Customising a Chatbot with Fine Tuning and Hugging Face Pretrained Models

In this article, we will fine-tune a model using Hugging Face transformers to create a better chat bot for question answering

Pranath Fernando


March 25, 2023

1 Introduction

In a previous article we saw how to use the pipeline objects to use pre-trained transformer models to create a chatbot. We saw there that the model didn’t always output the desired answers to a series of precise questions for a context related to the history of comic books.

In this article, we will fine-tune the model from that article to give better answers for that type of context. To do that, we’ll be using the TyDi QA dataset but on a filtered version with only English examples. Additionally, we will use a lot of the tools that Hugging Face has to offer.

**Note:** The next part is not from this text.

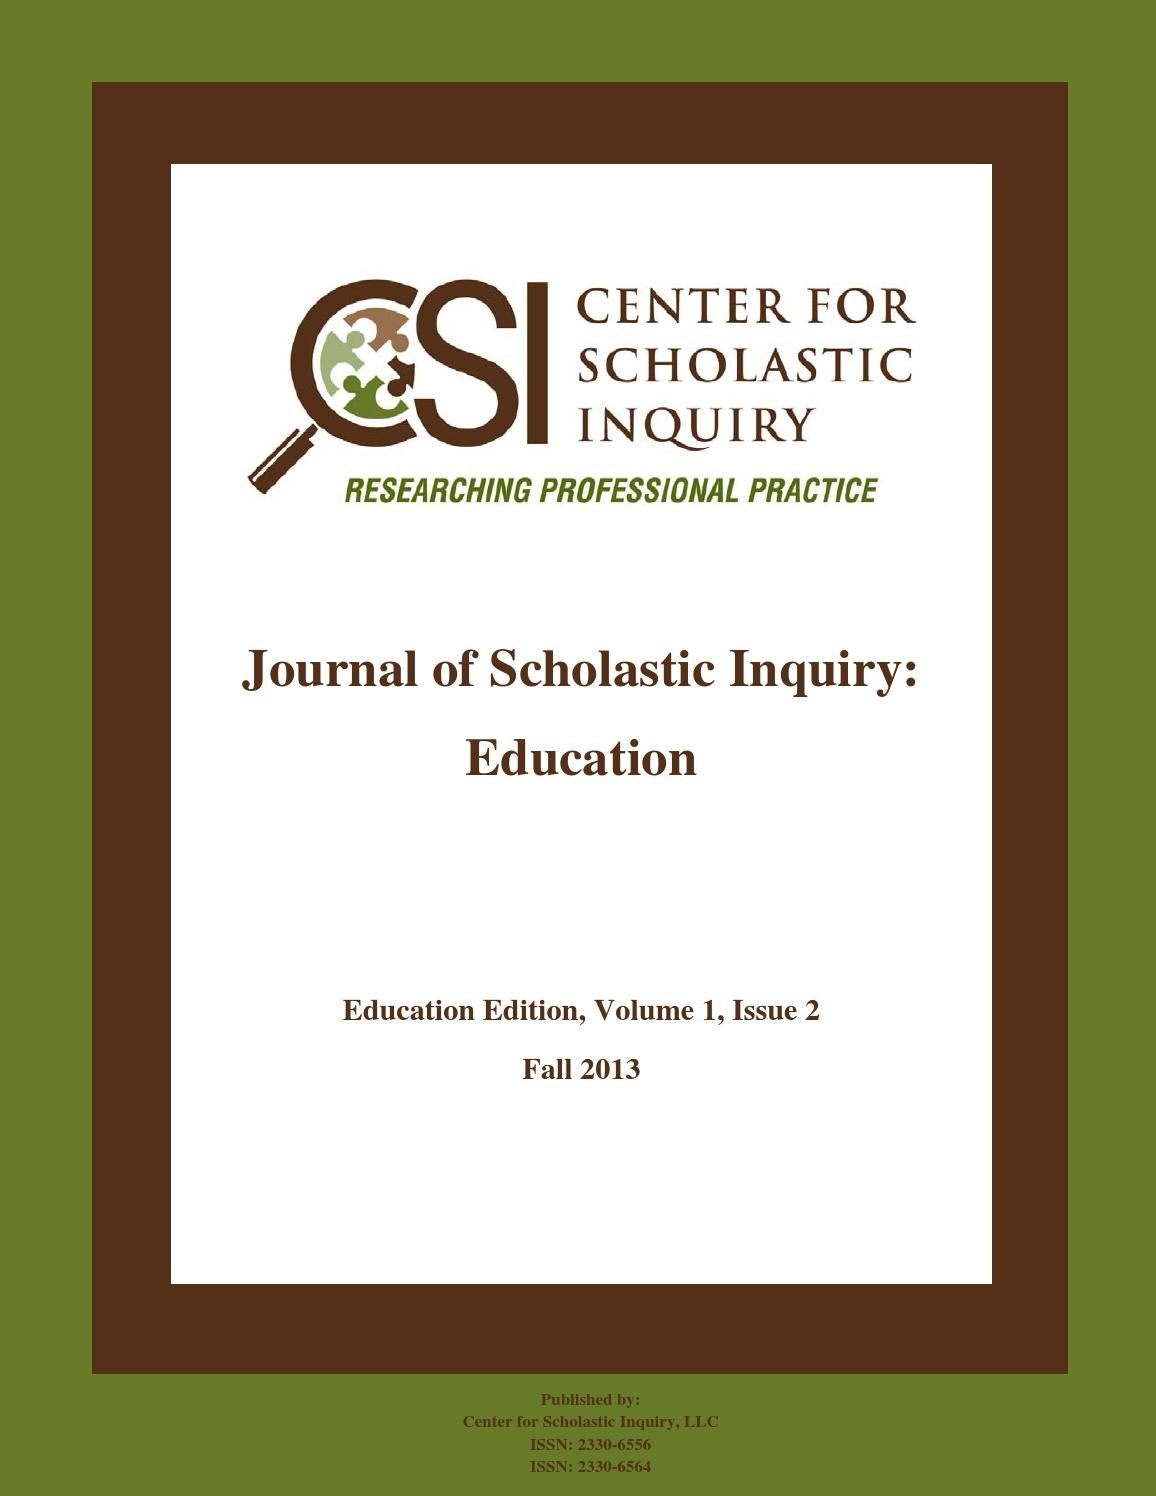 2006 scholastic entertainment inc web site copyright - Journal Of Scholastic Inquiry Education Volume 1 Issue 2 By Center For Scholastic Inquiry Issuu

We should note that, in general, you would fine-tune general-purpose transformer models to work for specific tasks. However, fine-tuning a general-purpose model can take a lot of time. That’s why we will be using a model from a hugging face question answering pipeline to speed things up.

2 Fine-tuning a BERT model

As we saw in the previous article, we can use hugging face pipelines as they are. But sometimes, you’ll need something more specific to your problem, or maybe you need it to perform better on your production data. In these cases, you’ll need to fine-tune a model.

Here, we’ll fine-tune a pre-trained DistilBERT model on the TyDi QA dataset.

To fine-tune your model, we will leverage three components provided by Hugging Face:

  • Datasets: Library that contains some datasets and different metrics to evaluate the performance of our models.
  • Tokenizer: Object in charge of preprocessing your text to be given as input for the transformer models.
  • Transformers: Library with the pre-trained model checkpoints and the trainer object.

3 Datasets

To get the dataset to fine-tune your model, we will use 🤗 Datasets, a lightweight and extensible library to share and access datasets and evaluation metrics for NLP easily. We can download Hugging Face datasets directly using the load_dataset function from the datasets library. Although the most common approach is to use load_dataset, for this article we will use a filtered version containing only the English examples. We can read them from a public GCP bucket and use the load_from_disk function.

Hugging Face datasets allows to load data in several formats, such as CSV, JSON, text files and even parquet. We can see more about the supported formats in the documentation

We already prepared the dataset, so we don’t need to uncomment the code from the cell below to load all the data and then filter the English examples. To download the dataset, we can uncomment the following cell and then jump to the cell in which you can see the type of object we get after loading the dataset.

# We can download the dataset and process it to obtain the same dataset we are loading from disk
# Uncomment the following lines to download the dataset directly
# from datasets import load_dataset
# train_data = load_dataset('tydiqa', 'primary_task')
# tydiqa_data =  train_data.filter(lambda example: example['language'] == 'english')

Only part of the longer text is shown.